唯愛
劉折臉色煞白:“你彆開玩笑了!停車!停車!!!”
一道強光從右邊路口急速靠近,當時那一瞬間,腦子發出的信號快過一切,宋輕舟下意識朝左邊打了方向盤,先撞上的是副駕駛座,接著安全氣囊彈出,‘嘭’的一聲巨響,車子被貨車撞翻滾落斜坡。
短暫的失去意識後,首先醒來的是宋輕舟,眼睛一陣巨烈的刺痛,滿目隻剩一片腥紅,依稀隻有模糊的殘影跳動。
他朝旁邊的身影摸索,“劉少,劉少!你醒醒……可千萬彆給我死在車上!!”
他拚了命的用儘全力想把他帶下車,可後來才發現左側車門和車頭已經嚴重變形,他的雙腿被死死鉗住,根本動彈不得。
宋輕舟無法,在狹小的空間裡,去尋找掉落的手機,可眼睛傳來的一陣陣的刺痛終讓他徹底的陷入無儘的黑暗中。

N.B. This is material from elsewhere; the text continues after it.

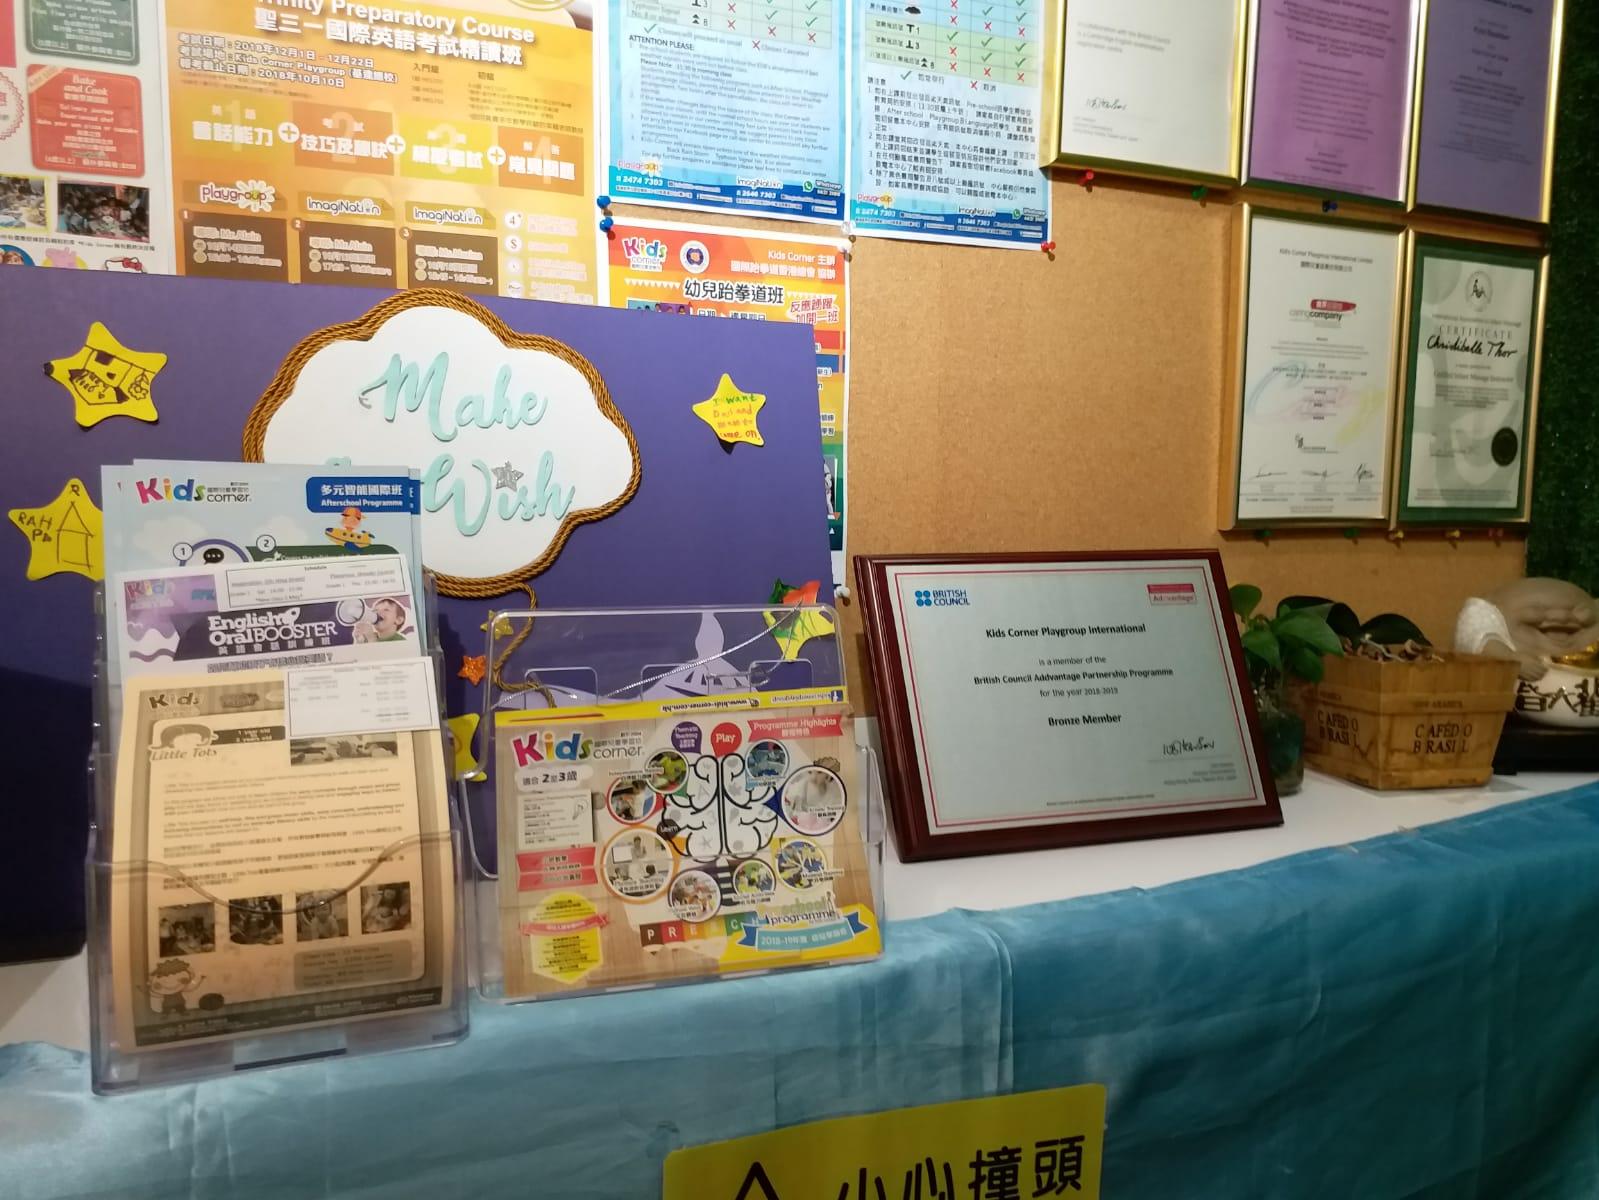 Partnership Award display

這樣的情況讓他從所未有的恐慌,當時他便有很不好的預感,但比起這些,那個人的命,似乎要比他的眼睛更重要。
他不能讓劉折死在這輛車裡,他宋輕舟拿命也擔不起。
就在這時,劉折的手機響了,宋輕舟重燃起新的希望,雖然眼睛無法看見,但還能遁著聲音尋找手機。
隻要能撥出或接到求救電話,都還能有一線生機。
就在最後兩聲中,宋輕舟找到了手機,接通了電話,那端傳來一道蒼勁威嚴的詢問:“你跑哪兒去了?這麼重要的場合,本來是想介紹……”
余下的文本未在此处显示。